_Your goal_
Could you filter the data below down to the lines that hold the word "Modern"?
------ Data excerpts ------
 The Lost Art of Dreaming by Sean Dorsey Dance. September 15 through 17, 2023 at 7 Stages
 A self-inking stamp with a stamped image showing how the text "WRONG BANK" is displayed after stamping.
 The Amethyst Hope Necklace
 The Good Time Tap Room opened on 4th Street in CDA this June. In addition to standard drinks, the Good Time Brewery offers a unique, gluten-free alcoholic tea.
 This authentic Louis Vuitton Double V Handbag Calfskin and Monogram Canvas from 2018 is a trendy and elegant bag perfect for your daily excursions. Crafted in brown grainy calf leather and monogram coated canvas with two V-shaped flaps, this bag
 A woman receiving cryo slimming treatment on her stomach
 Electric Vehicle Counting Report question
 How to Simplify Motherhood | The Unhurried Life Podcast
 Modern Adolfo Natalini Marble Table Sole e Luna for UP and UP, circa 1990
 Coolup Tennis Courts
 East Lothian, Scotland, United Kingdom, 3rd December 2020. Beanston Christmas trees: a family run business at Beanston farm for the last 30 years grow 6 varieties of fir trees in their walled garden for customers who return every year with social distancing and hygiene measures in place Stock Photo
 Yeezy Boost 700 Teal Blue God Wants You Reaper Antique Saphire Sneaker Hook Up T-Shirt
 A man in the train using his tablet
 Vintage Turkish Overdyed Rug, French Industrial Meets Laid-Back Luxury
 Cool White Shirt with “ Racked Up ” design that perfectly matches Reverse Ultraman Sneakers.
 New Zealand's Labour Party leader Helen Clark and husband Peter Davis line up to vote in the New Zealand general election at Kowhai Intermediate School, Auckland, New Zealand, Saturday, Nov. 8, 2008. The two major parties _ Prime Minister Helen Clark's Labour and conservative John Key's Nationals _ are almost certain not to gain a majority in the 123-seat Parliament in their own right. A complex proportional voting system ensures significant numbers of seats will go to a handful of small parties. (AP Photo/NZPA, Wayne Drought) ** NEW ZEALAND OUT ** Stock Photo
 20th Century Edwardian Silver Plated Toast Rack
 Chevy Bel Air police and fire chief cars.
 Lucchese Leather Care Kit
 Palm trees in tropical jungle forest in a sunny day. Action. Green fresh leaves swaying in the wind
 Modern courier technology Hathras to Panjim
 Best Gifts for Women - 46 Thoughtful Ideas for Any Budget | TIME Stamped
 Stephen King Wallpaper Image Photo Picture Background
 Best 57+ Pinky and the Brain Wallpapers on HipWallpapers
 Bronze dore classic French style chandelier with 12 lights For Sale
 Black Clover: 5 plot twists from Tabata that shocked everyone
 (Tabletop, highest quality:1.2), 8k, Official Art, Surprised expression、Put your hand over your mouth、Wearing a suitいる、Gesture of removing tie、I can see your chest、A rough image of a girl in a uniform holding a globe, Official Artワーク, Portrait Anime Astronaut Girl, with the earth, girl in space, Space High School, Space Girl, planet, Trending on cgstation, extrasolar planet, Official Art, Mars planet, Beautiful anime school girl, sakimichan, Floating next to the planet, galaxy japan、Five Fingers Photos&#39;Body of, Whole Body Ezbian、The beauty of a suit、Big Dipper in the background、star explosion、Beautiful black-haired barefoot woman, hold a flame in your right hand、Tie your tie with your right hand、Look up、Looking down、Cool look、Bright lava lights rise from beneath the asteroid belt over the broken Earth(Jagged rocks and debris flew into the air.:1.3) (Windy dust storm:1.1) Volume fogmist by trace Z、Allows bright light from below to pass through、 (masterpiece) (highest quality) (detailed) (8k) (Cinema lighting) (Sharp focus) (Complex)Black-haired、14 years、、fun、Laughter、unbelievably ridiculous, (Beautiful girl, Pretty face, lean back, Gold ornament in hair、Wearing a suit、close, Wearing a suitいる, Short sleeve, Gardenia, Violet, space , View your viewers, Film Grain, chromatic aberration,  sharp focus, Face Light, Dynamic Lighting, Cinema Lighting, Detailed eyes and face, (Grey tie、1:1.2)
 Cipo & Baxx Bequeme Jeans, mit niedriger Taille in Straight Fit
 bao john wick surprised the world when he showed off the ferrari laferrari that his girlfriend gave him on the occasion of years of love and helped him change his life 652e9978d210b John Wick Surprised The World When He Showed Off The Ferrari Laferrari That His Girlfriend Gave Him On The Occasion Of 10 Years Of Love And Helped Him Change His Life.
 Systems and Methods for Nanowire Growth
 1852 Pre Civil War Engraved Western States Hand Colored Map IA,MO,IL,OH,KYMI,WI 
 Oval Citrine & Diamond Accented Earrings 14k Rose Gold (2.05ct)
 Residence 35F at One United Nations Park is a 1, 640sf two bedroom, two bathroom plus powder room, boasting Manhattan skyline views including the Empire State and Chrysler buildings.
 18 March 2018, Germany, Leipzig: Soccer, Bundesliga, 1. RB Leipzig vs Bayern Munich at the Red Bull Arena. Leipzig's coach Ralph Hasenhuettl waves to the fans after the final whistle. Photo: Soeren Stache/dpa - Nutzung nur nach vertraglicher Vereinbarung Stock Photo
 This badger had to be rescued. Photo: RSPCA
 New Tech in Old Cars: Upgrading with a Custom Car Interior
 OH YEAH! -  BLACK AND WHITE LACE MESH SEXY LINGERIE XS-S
------
_Answer to the problem_
 Modern Adolfo Natalini Marble Table Sole e Luna for UP and UP, circa 1990
 Modern courier technology Hathras to Panjim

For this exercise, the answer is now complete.